From: Marshall on 18 Feb 2010 10:42

On Feb 18, 6:23 am, Aatu Koskensilta <aatu.koskensi...(a)uta.fi> wrote:
> Newberry <newberr...(a)gmail.com> writes:
> > You are a smart guy. Surely you can come up with a more substantive
> > objection than "As usually understood it makes no sense to say of a
> > relation that it is or is not true."
>
> This trivial observation is not in any apparent sense an objection. Why
> do you think it is? Objection against what?
>
> --
> Aatu Koskensilta (aatu.koskensi...(a)uta.fi)
>
> "Wovon man nicht sprechan kann, darüber muss man schweigen"
> - Ludwig Wittgenstein, Tractatus Logico-Philosophicus

Yeah, smart guy. You ought to be able to come up with a reply
that not only points out how he's using the term wrong, but
immediately causes him to see the error of his ways.
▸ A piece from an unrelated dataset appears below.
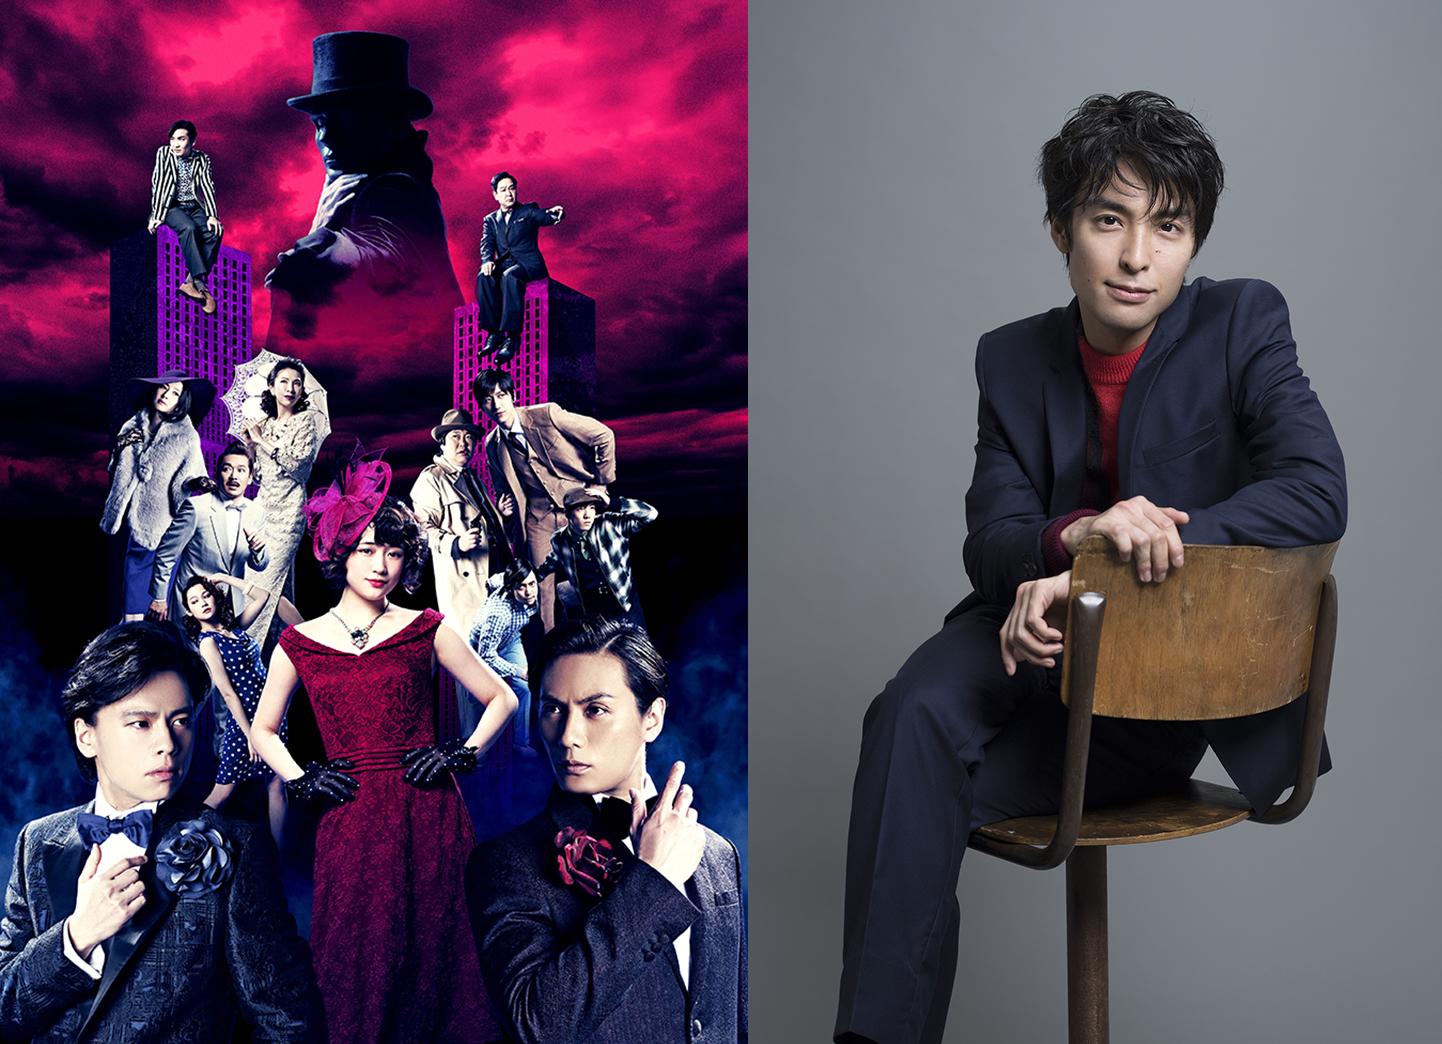 (左)『怪人と探偵』、(右)海宝直人 photo: ITARU HIRAMA(海宝直人)

Also,
the first letter of each line should spell out his name. And
it should also inspire the reader to devote more time to
his or her family.

And it should have a clean, fresh scent.

Maybe you're not such a smart guy after all.<sob>

Marshall

From: Aatu Koskensilta on 18 Feb 2010 11:31

Marshall <marshall.spight(a)gmail.com> writes:

> Maybe you're not such a smart guy after all.<sob>

Sobbity-sob. But don't cry for me, Marshall! I recently learned, in an
episode of Bones, that we can't help it if we aren't as intelligent as
others. I was greatly consoled by this, even though it wasn't Angel
himself who said it.

--
Aatu Koskensilta (aatu.koskensilta(a)uta.fi)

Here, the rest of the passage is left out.